Japanese sumo wrestler

Kōbōyama Daizō (born 15 August 1957 as Kōkichi Yomogida) is a former sumo wrestler from Tsukidate, Kurihara, Miyagi Prefecture, Japan. He made his professional debut in 1973 and reached the top makuuchi division in 1981. His highest rank was sekiwake. He earned two special prizes for Technique and was a runner-up in one tournament. He retired in 1990. He is now a sumo coach and ran the Takashima stable from 1993 until 2011. He was elected to the Japan Sumo Association's board of directors in 2018.

==Career==
He came from a family of beef cattle farmers.

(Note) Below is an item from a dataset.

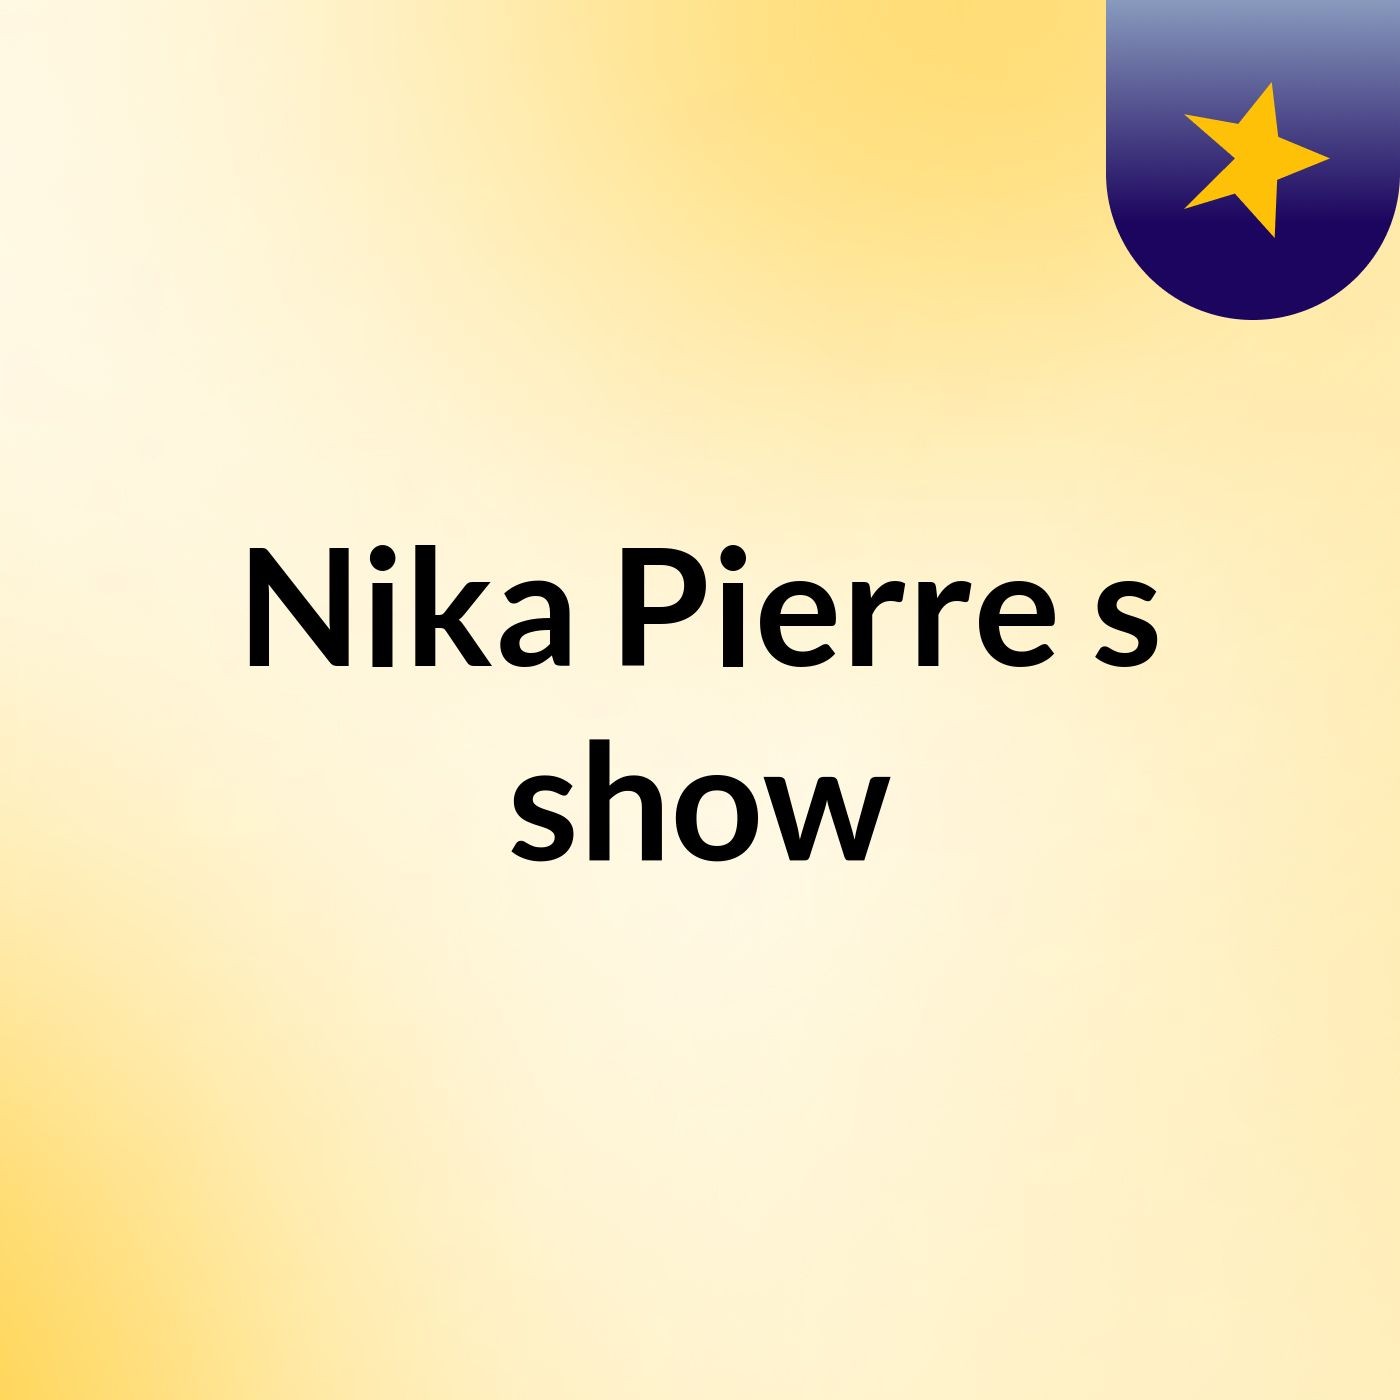 Nika Pierre's show
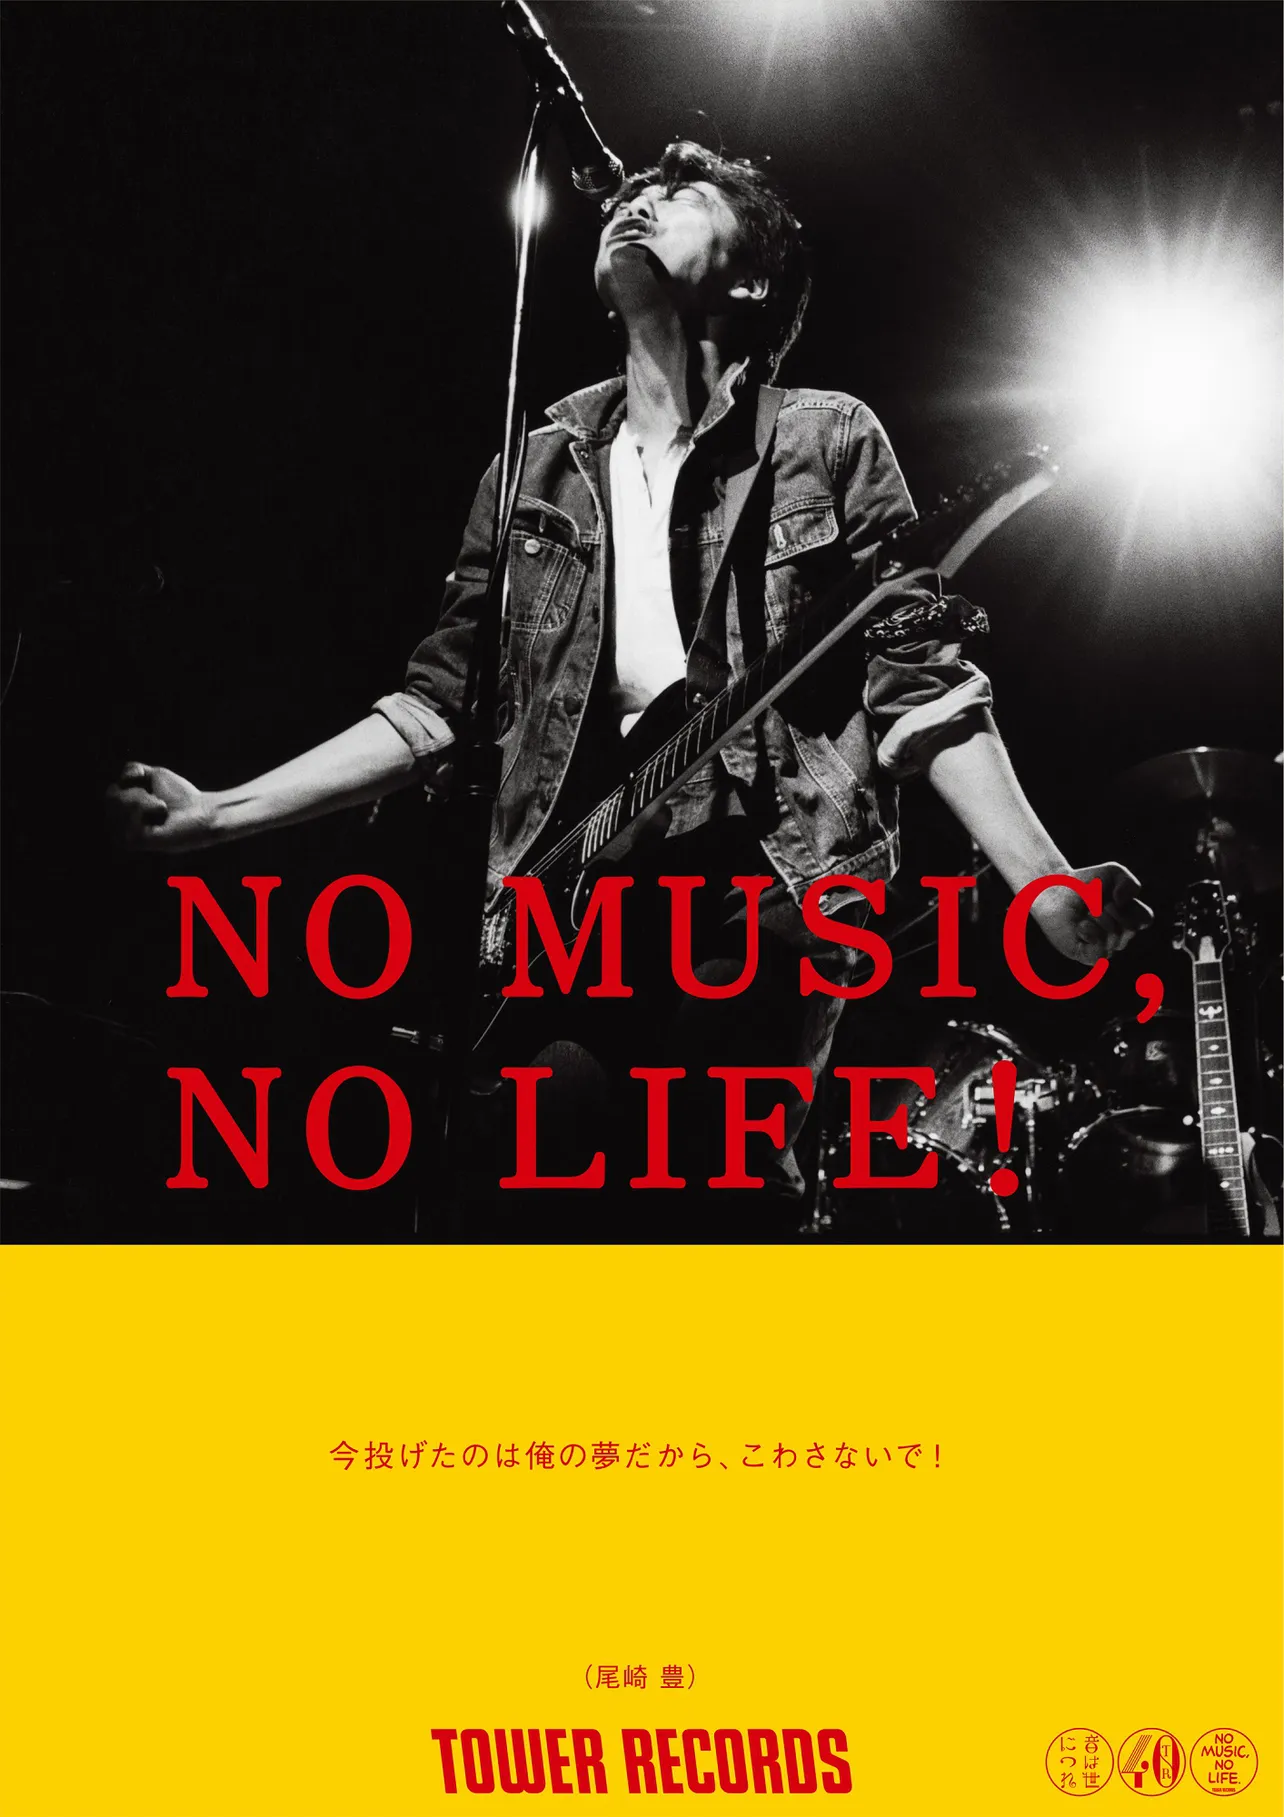 画像・写真 「NO MUSIC, NO LIFE」ポスターに尾崎豊が登場！ ファン

He was a Prefectural Junior School Sumo Champion.

He joined Takashima stable at the age of 15 in March 1973, recruited by former ōzeki Mitsuneyama. There were a large number of new recruits in that tournament because of a rule change. Also among them was the future top division wrestler Chikubayama. He made the juryo division in May 1981 at the age of 23. He reached the top makuuchi division for the first time in November 1981, although he was demoted back to juryo after three tournaments. In May 1982 he took part in a playoff for the juryo division championship or yusho and although he was defeated (he would never win a championship in any division) he was promoted back to the top division. He was transferred to Kumagatani stable in the same year upon the retirement of his stablemaster. He was runner-up to Chiyonofuji in July 1982, earning his first special prize for Technique. In November 1983 he won his second Technique prize and was promoted all the way from maegashira 7 to sekiwake, because of the failure of the men above him in the rankings to obtain winning records. This was to be his highest rank. He won only two bouts in this tournament and made the sanyaku ranks only one more time, at komusubi in September 1985. He struggled against the top ranked wrestlers, failing to defeat a yokozuna in 17 attempts, and beating an ozeki only twice in 35 attempts (Asashio and Hokutenyu once each). Nevertheless he was ranked in the top division for 42 straight tournaments from re-entering makuuchi in March 1983, before being finally demoted to the juryo division after the January 1990 tournament.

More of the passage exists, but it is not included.